The dict.fromkeys() method will create a dictionary where the keys are the list elements in order and then convert the keys back to a list.
So, list(dict.fromkeys(main_list)) would give a list with duplicates removed.
# Initialize a list with some duplicate elements
main_list = [11, 21, 19, 21, 11, 46, 19]
print("List before removing duplicate elements: ", main_list)
# Output: List before removing duplicate elements: [11, 21, 19, 21, 11, 46, 19]
unique_list = list(dict.fromkeys(main_list))
print("List after removing duplicate elements: ", unique_list)
# Output: List before removing duplicate elements: [11, 21, 19, 46]

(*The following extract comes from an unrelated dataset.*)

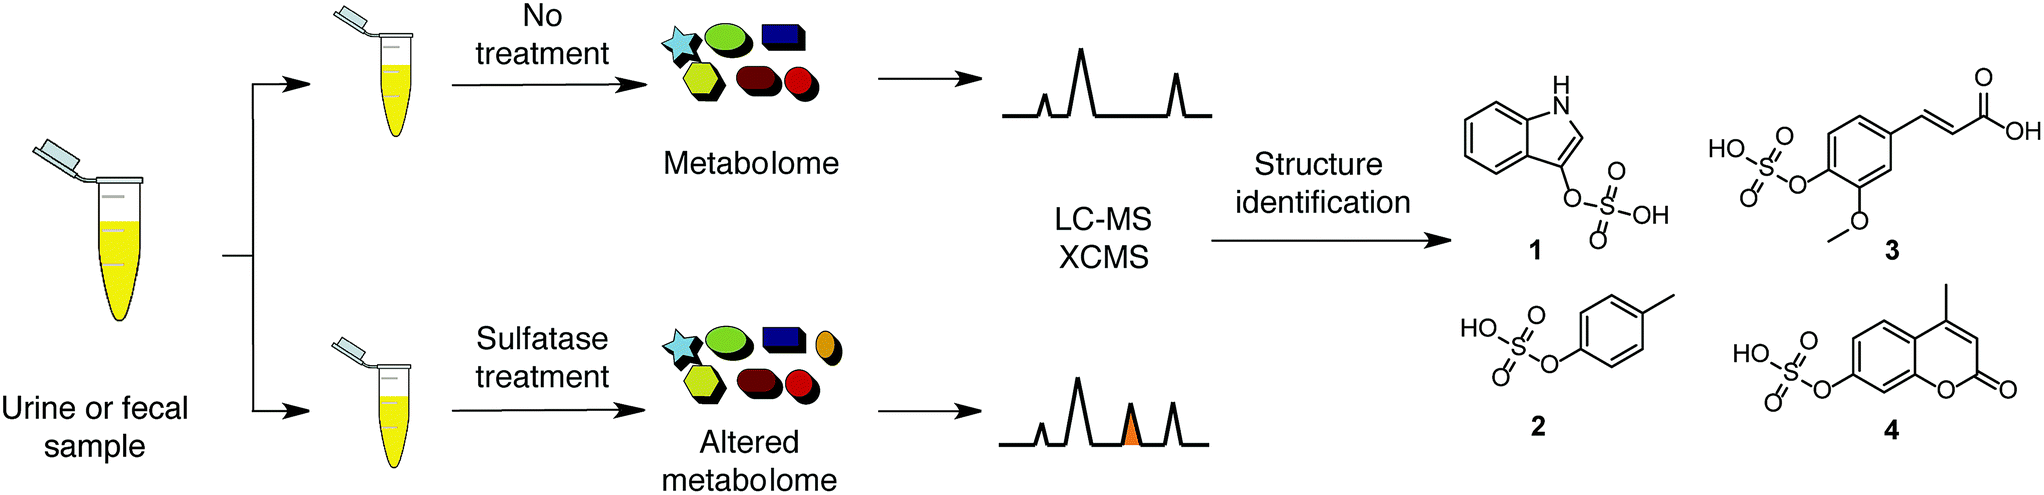 使用硫酸酯酶-硫酸酯酶处理和UPLC-MS/MS可以选择性地分析O-硫酸酯酶功能化分子。

This approach is generally faster than the loop method when working with a larger list.
Method 3: Using list comprehension
List comprehension effectively maintains the original order of elements within a list.
# Initialize a list with some duplicate elements
main_list = [11, 21, 19, 21, 11, 46, 19]
print("List before removing duplicate elements: ", main_list)
# Output: List before removing duplicate elements: [11, 21, 19, 21, 11, 46, 19]
unique_list = []
[unique_list.append(x) for x in main_list if x not in unique_list]
print("List after removing duplicate elements: ", unique_list)
# Output: List before removing duplicate elements: [11, 21, 19, 46]
This approach is a one-liner, but it is less readable and less efficient for larger lists.
That’s all!